As a fitness professional I get asked this question a lot. You work so hard in the gym and you can’t figure out, why the scale sometimes doesn’t do the justice to the workout you just did. Either you just did fasted sweaty cardio session or lift all the weights in the gym, you are still heavier than you were before the workout. Doesn’t make sense, right? Let’s look at what actually happens to your body, when you work out. Does it make a difference, if you do cardio or strength train? Will HIIT make you lighter after the work out?
DURING THE WORKOUT. Within first 10 minutes of your workout, you will notice increase in your heart rate. This instantly brings more blood to your brain, making you more alert. With stress endorphins are released. They decrease feeling of pain, lead to feeling of euphoria, modulation of appetite and enhance the immune response. Think of endorphins as natural morphine. They interact with the same opiate receptors in the brain to reduce our perception of pain. The big difference though is the activation of the opiate receptors by the body’s endorphins, which does not lead to addiction or dependence like morphine does.

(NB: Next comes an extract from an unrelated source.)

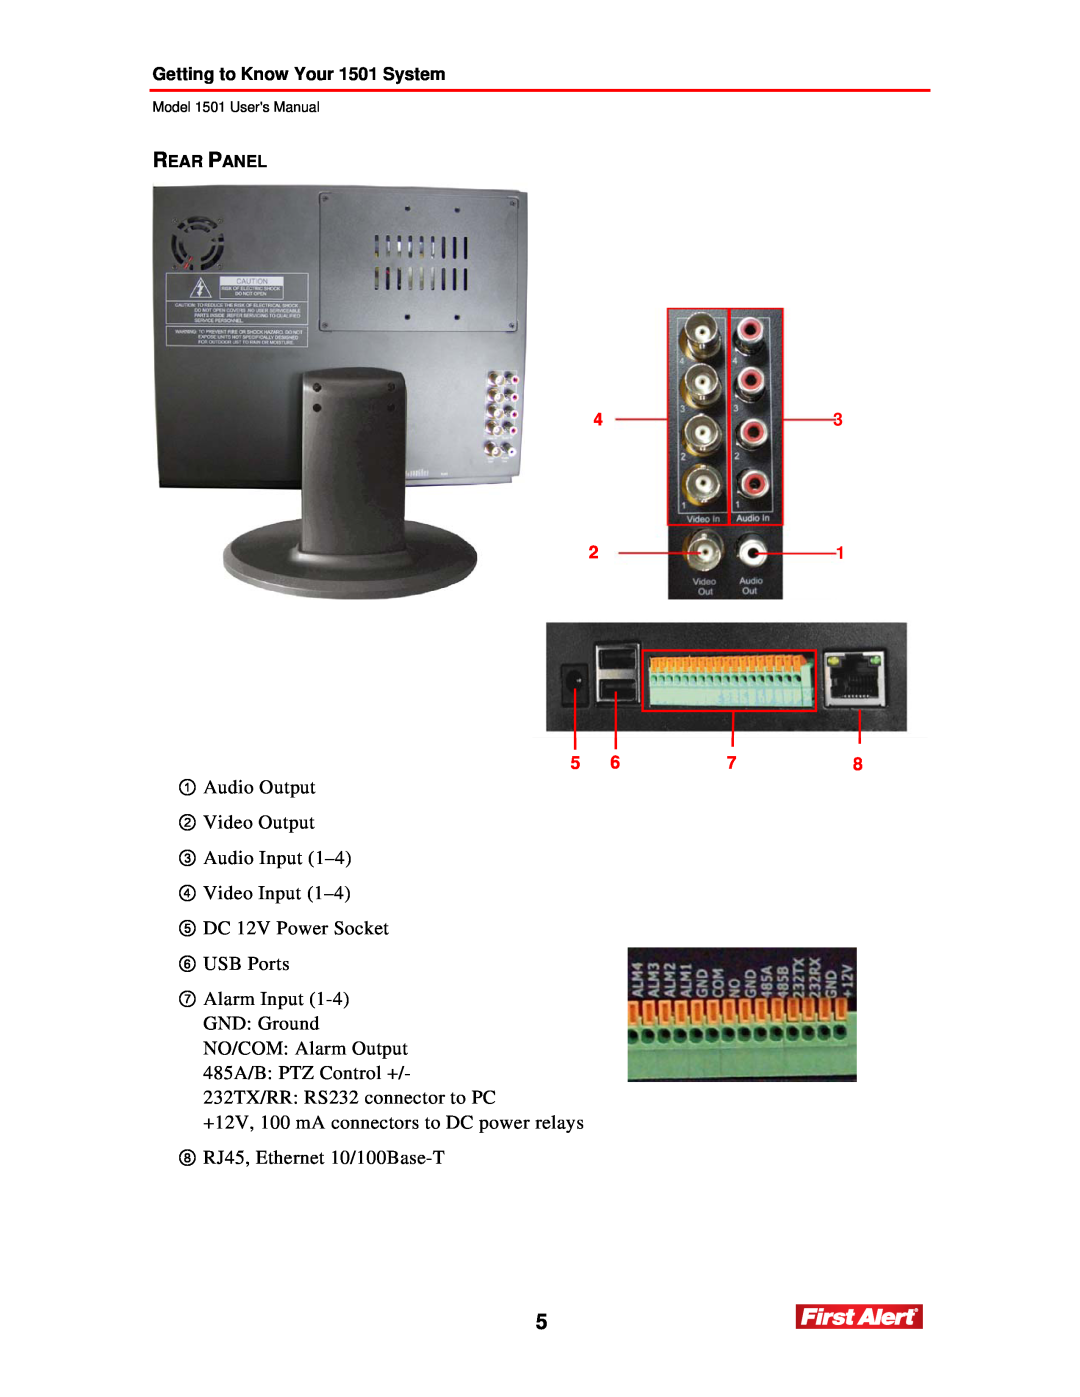 First Alert 1501 ①Audio Output ② Video Output ③ Audio Input, ④ Video Input 1-4 ⑤ DC 12V Power Socket, ⑥ USB Ports

Depending on the intensity and duration of your workout, your body will use different energy systems, to keep you going. Blood transfers from your liver and digestive system to skeletal muscles (up to 20 times more blood), slowing down your digestion. Hormones tell the body to convert fat into glucose. Glucose is the sugar body stores from foods we eat in the form of glycogen. Your body uses adenosine triphosphate (ATP), but it only has small stores of both, glucose and ATP, so after it runs out of it, it will require extra oxygen to create more ATP. More blood is pumped to the exercising muscles to deliver additional oxygen. Without enough oxygen, lactic acid will form instead. Muscles generate lactic-acid as a byproduct of intense exercise. As lactic acid builds up, your pH of the blood around muscles drops, which causes fatigue and prevents you from continuing to exercise. You know that burn you feel? That’s a sign your muscles need to stop contracting to effectively metabolize build-up of lactic acid. Your diaphragm is a hard worker as well. It can pull in 15 times more oxygen than at rest.

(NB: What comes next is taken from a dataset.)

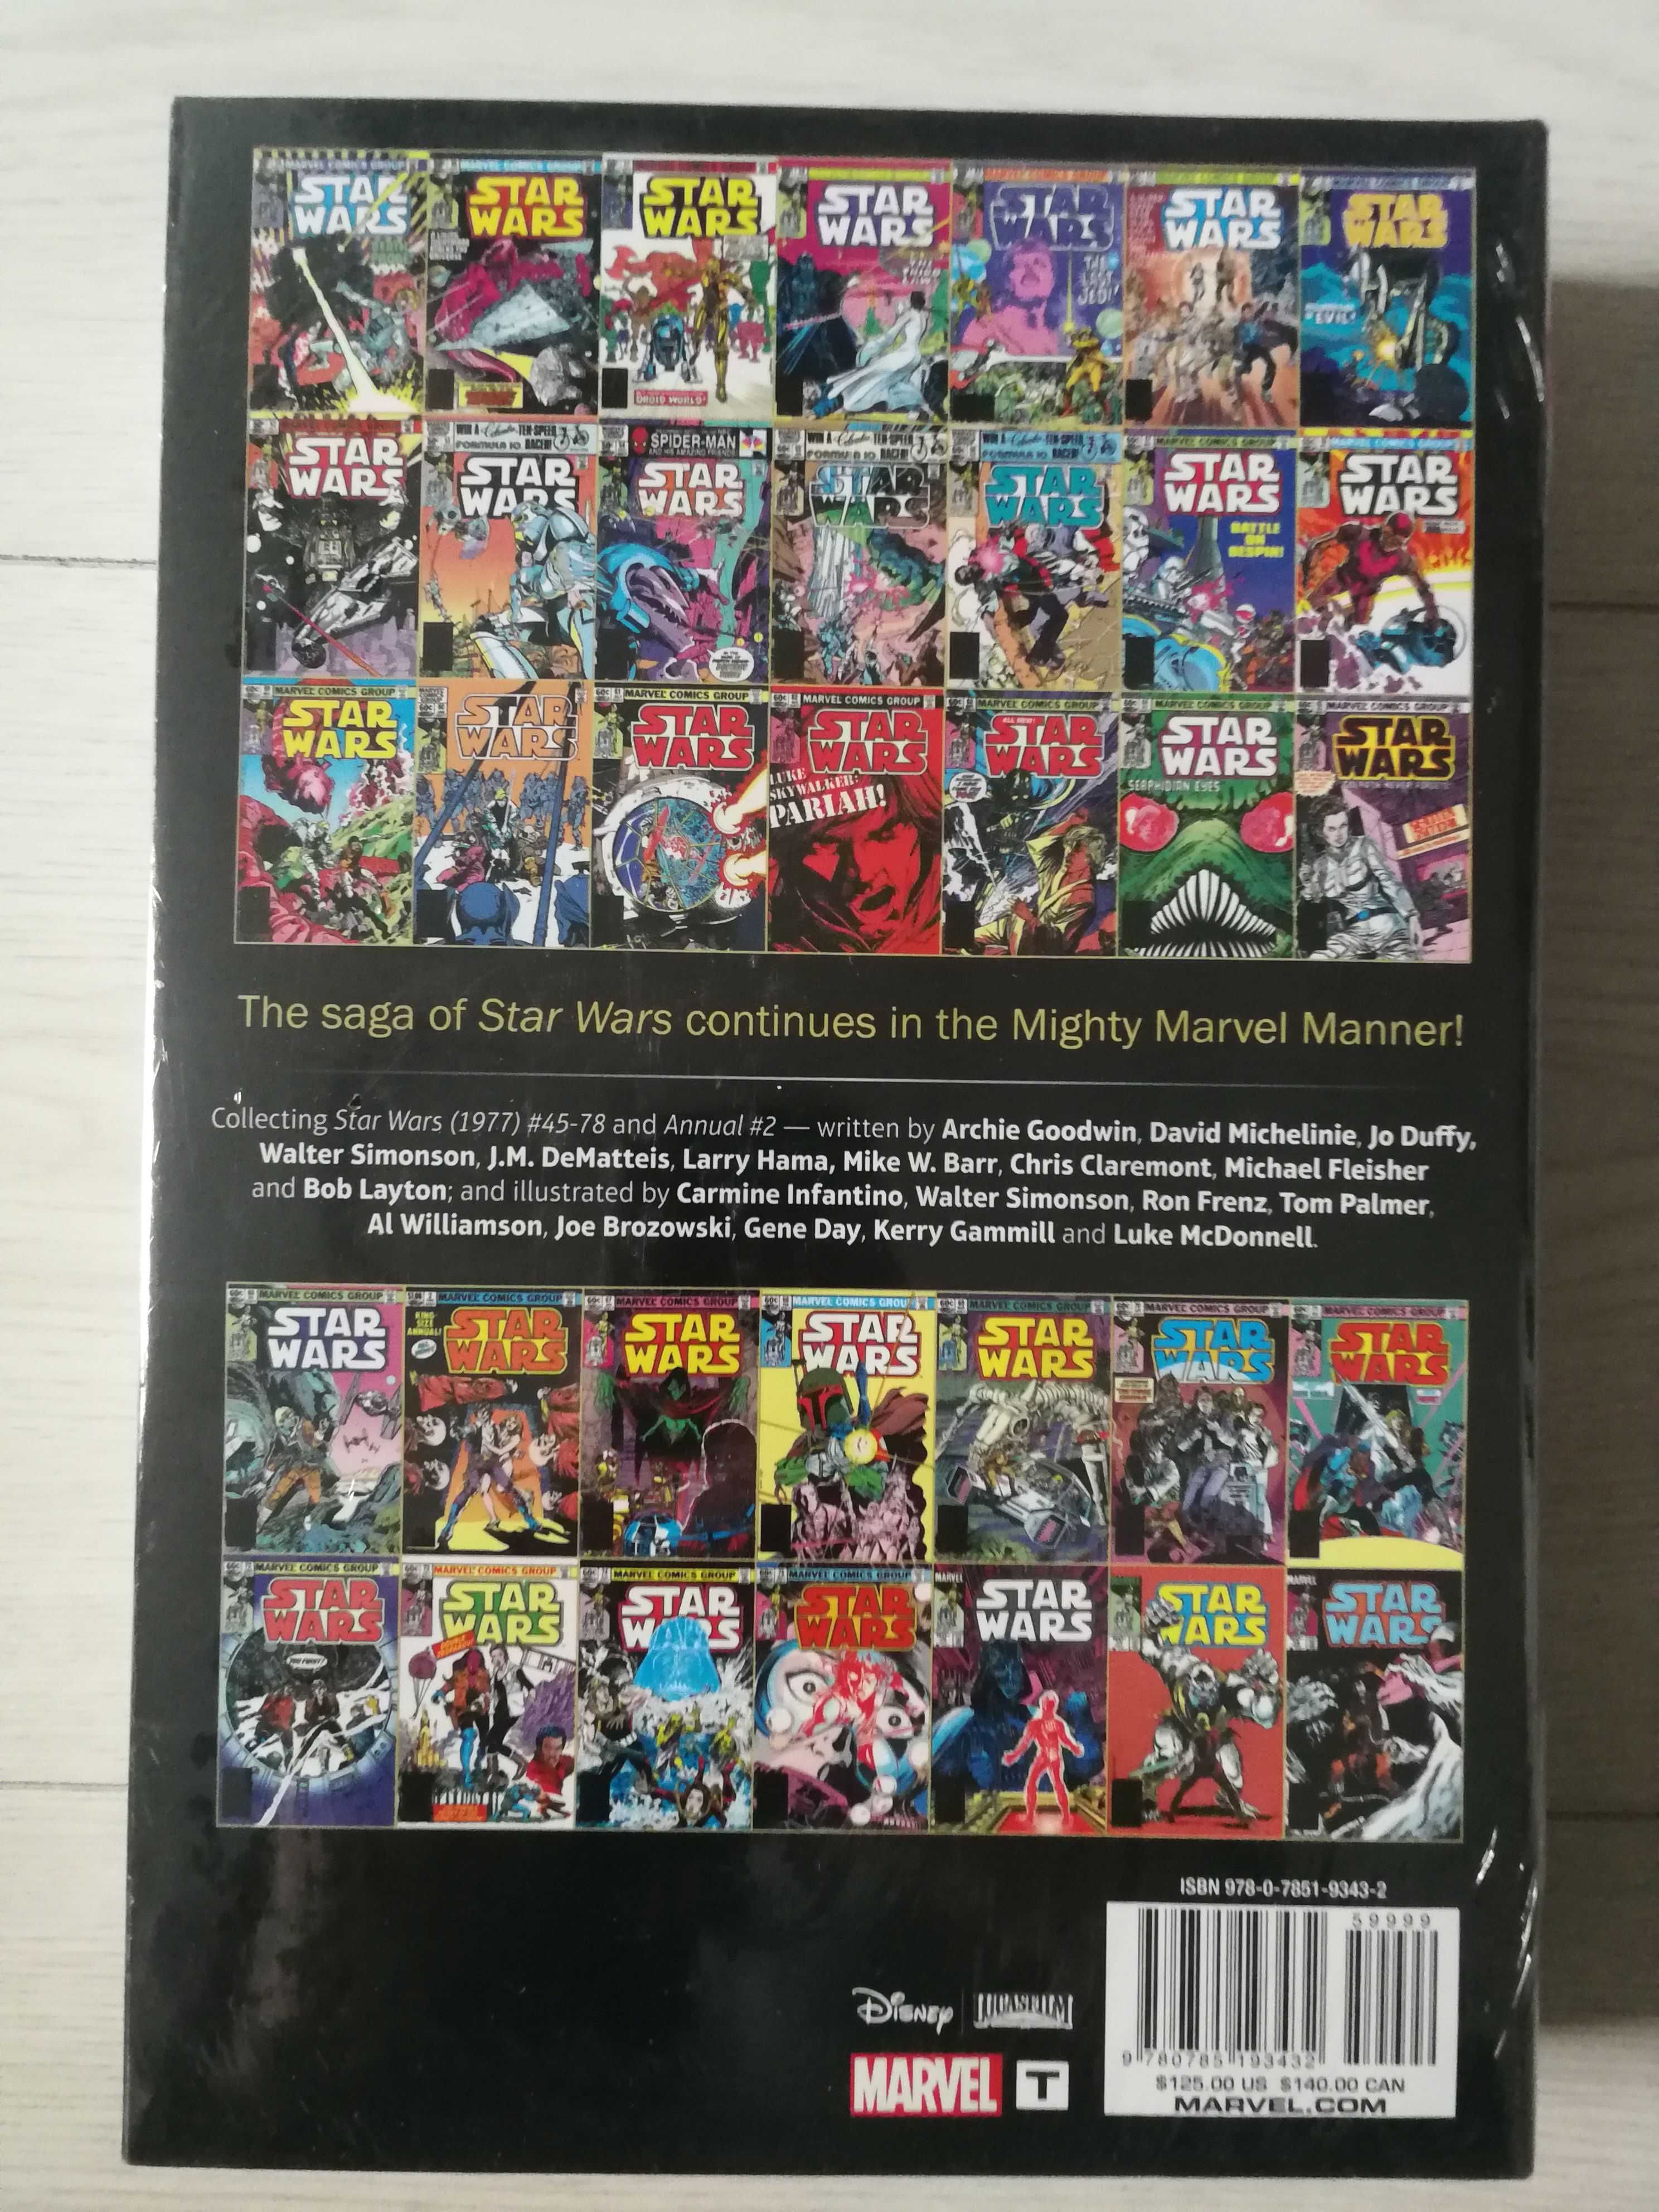 Star Wars The Original Marvel Years Omnibus 2

RIGHT AFTER THE WORKOUT. One of the biggest factors in weight gain immediately after the workout is fluid retention. If you lose 4oz of sweat per workout and drink 20oz of fluids, you will have excess of 16oz in you. Eventually, if you are not dehydrated, your body will get rid of the access water, but it might not happen right after you stop working out. Another cause of water retention can be dehydration too. If you don’t drink enough fluids, your body will trigger survival mechanism and retain the fluids you already have in your body. But all that should go away, within the next few days. And then there is DOMS. Delayed onset muscle soreness. It is soreness you feel 24-48 hours after you workout. During the workout, you tear your muscles, which is necessary in muscle growth process. Those little tears in your muscle fibers can cause slight swelling, resulting in water retention within the muscle. Immediately after the workout your body will try to get to a resting state as quickly as possible. The fitter you get the faster this process is. All the body functions that slowed down during the workout, will now speed up (including your digestion) and vice versa. Interestingly, during this process there is typically an over-reaching effect, where the body doesn’t just go back to “normal” pre-exercise levels, but it actually overcompensates. For example, when you exercise your heart activity is elevated as well as resistance within the blood vessels, which results in increased blood pressure. However, after the workout some people can experience “post-workout hypotension” (low blood pressure).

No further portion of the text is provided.